The only thing that may be strange about this printf call is the use of %hs (at least, I had never used %hs before). There are different types of strings used in the project, and they have different format specifiers. Luckily, if you use the wrong one in a printf statement, you’ll get a helpful error message from the compiler.

After rebuilding the CLR, and rebuilding my project (and copying over the necessary artifacts), I get the following output from the unobfuscated and obfuscated programs:

UNOBFUSCATED

converterBeforeAttribute: System.ComponentModel.TypeConverter
[EEClassHashTable::GetValue] pszFullyQualifiedName: ProblematicCode.MyConverter`1
[EEClassHashTable::GetValue]            pNamespace: ProblematicCode
[EEClassHashTable::GetValue] pszFullyQualifiedName: System.String
[EEClassHashTable::GetValue]            pNamespace: System
converterAfterAttribute: ProblematicCode.MyConverter`1[[System.String, System.Private.CoreLib, Version=7.0.0.0, Culture=neutral, PublicKeyToken=7cec85d7bea7798e]]
OBFUSCATED

converterBeforeAttribute: System.ComponentModel.TypeConverter
[EEClassHashTable::GetValue] pszFullyQualifiedName: _ProblematicCode.MyConverter
[EEClassHashTable::GetValue]            pNamespace: _ProblematicCode
[EEClassHashTable::GetValue] pszFullyQualifiedName: _ProblematicCode.MyConverter
[EEClassHashTable::GetValue]            pNamespace: _ProblematicCode
converterAfterAttribute: System.ComponentModel.TypeConverter
[EEClassHashTable::GetValue] pszFullyQualifiedName: _ProblematicCode.MyConverter
[EEClassHashTable::GetValue]            pNamespace: _ProblematicCode
[EEClassHashTable::GetValue] pszFullyQualifiedName: _ProblematicCode.MyConverter
[EEClassHashTable::GetValue]            pNamespace: _ProblematicCode

Hmm, do you remember when I said our obfuscator is removing the namespace associations from the metadata?
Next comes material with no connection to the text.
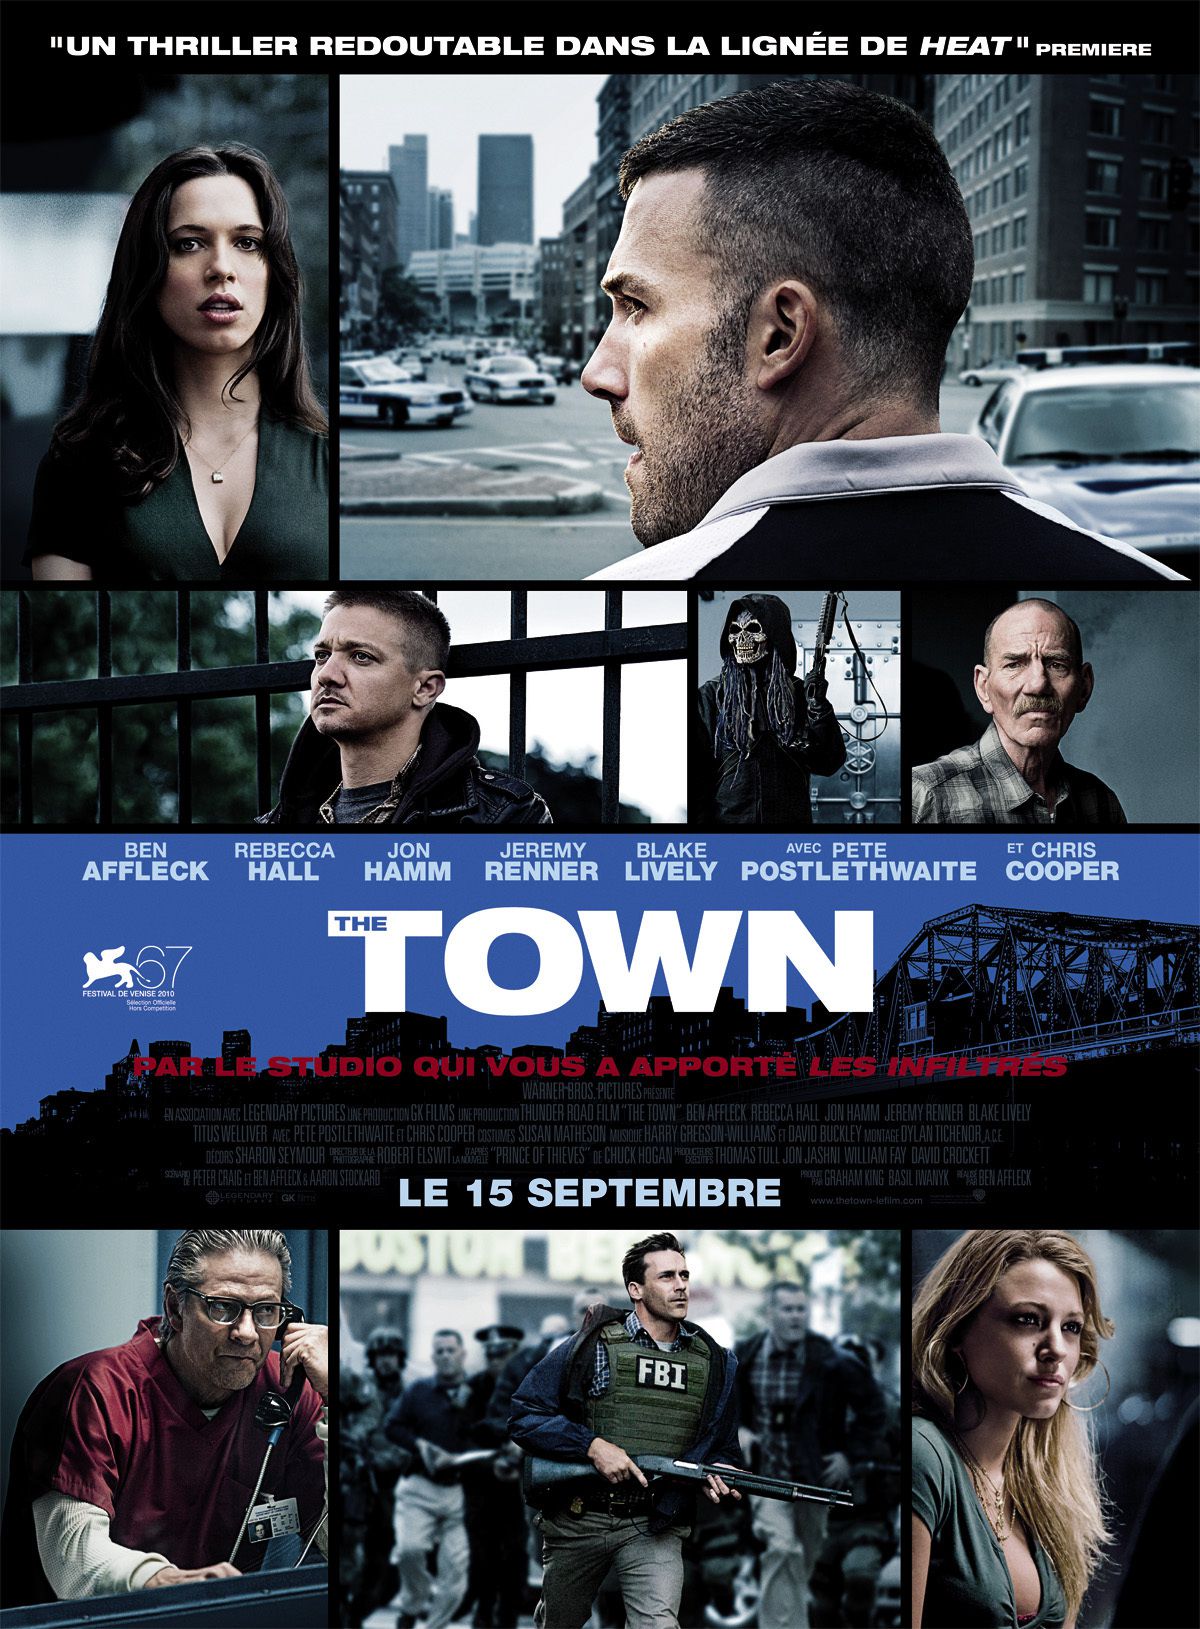 The Town - Film (2010)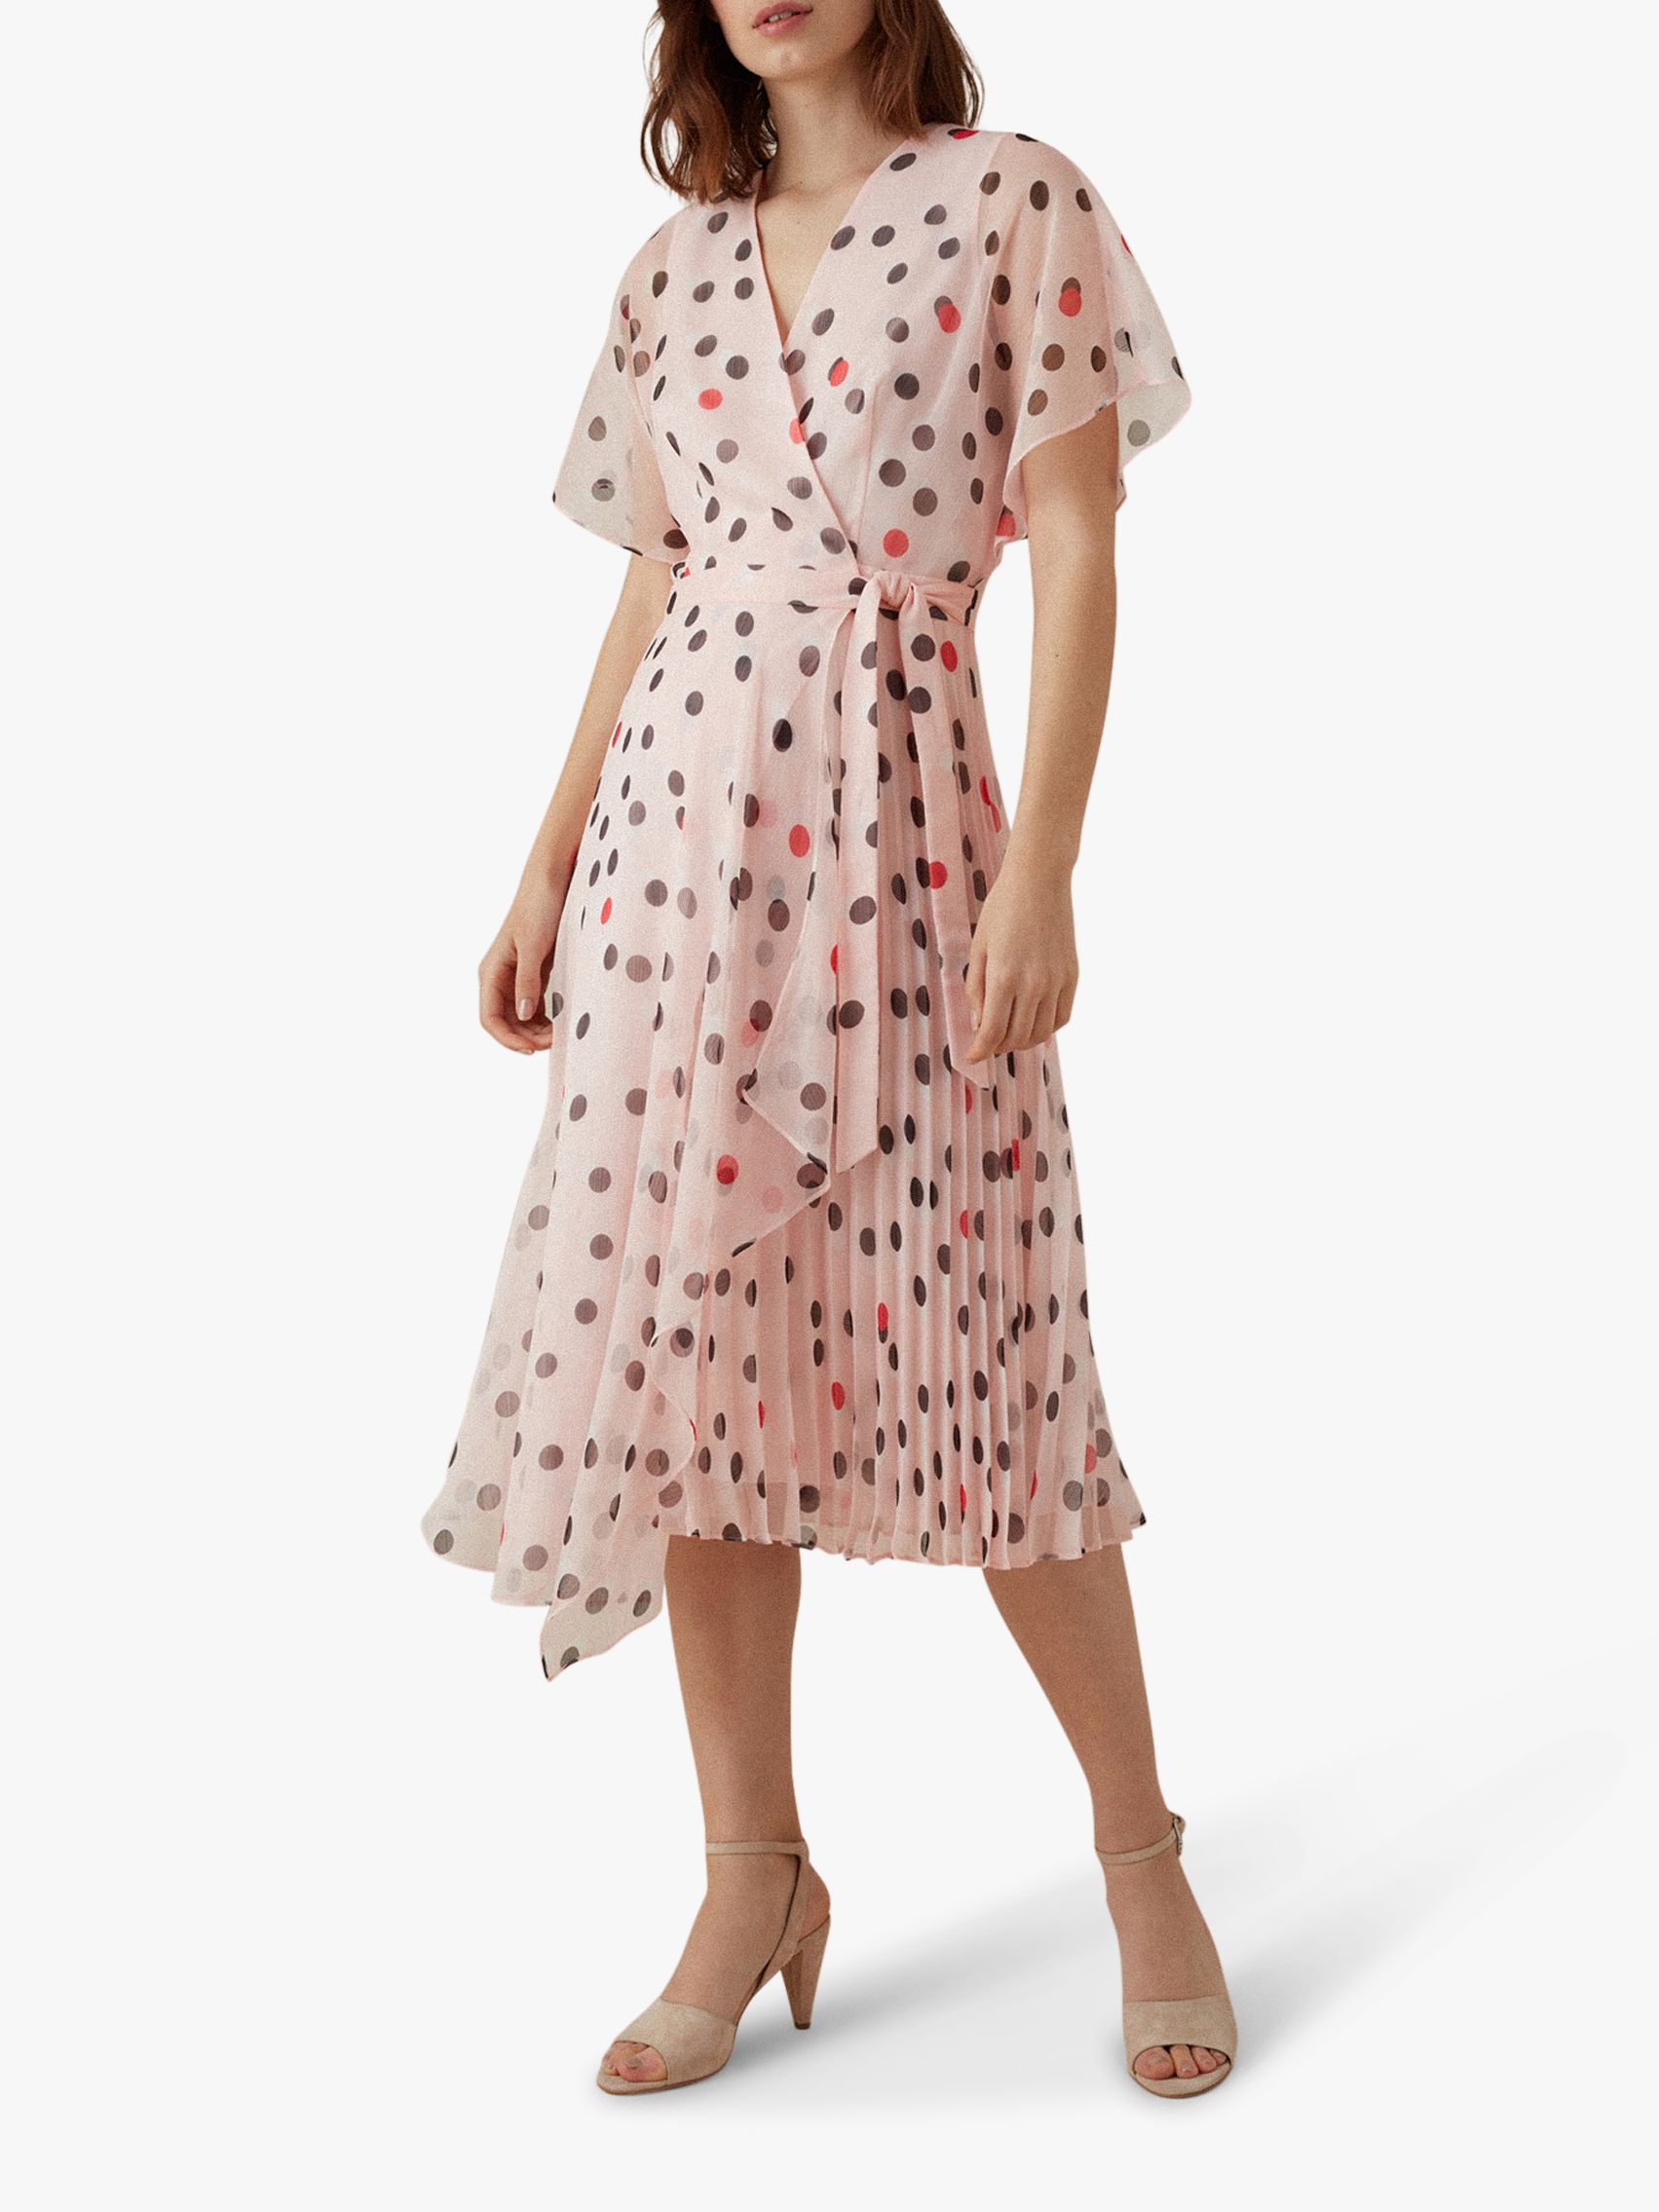 spotted dresses online

Well, the above output from our command indicates that a namespace is being explicitly parsed. The guilty line is:

    LPCUTF8 p = ns::FindSep(pszFullyQualifiedName);

We’ll return to ns::FindSep in a moment.

Continuing with our investigation, we decide to add the following printf lines to runtime\src\coreclr\vm\methodtablebuilder.cpp, since this is ostensibly where our types are loaded from the metadata:

    // Builds the method table, allocates MethodDesc, handles overloaded members, attempts to compress
    // interface storage.  All dependent classes must already be resolved!
    //
    MethodTable *
    MethodTableBuilder::BuildMethodTableThrowing(/* ...
    */)
    {

    /* ... */

    LPCUTF8 className;
    LPCUTF8 nameSpace;
    if (FAILED(GetMDImport()->GetNameOfTypeDef(bmtInternal->pType->GetTypeDefToken(), &className, &nameSpace)))
    {
        className = nameSpace = "Invalid TypeDef record";
    }

  + printf("[MethodTableBuilder::BuildMethodTableThrowing] className: %hs\n", className);
  + printf("[MethodTableBuilder::BuildMethodTableThrowing] nameSpace: %hs\n", nameSpace);

We go through the whole ceremony to inspect the output from our obfuscated program, and we get the following:

[MethodTableBuilder::BuildMethodTableThrowing] className: _ProblematicCode.MyConverter
[MethodTableBuilder::BuildMethodTableThrowing] nameSpace:
...
[EEClassHashTable::GetValue] pszFullyQualifiedName: _ProblematicCode.MyConverter
[EEClassHashTable::GetValue]            pNamespace: _ProblematicCode

So we can see that when the class is loaded, it has the name: _ProblematicCode.MyConverter, and there is no namespace associated with it. Later, when the class is looked up through reflection, the “fully qualified name” is still _ProblematicCode.MyConverter, but the logic there makes the assumption that the class has a namespace due to the . in the name. Since this isn’t documented anywhere (that I could find), and ECMA-335 gives no such special meaning to the . in names, this would appear to be a bug in the runtime.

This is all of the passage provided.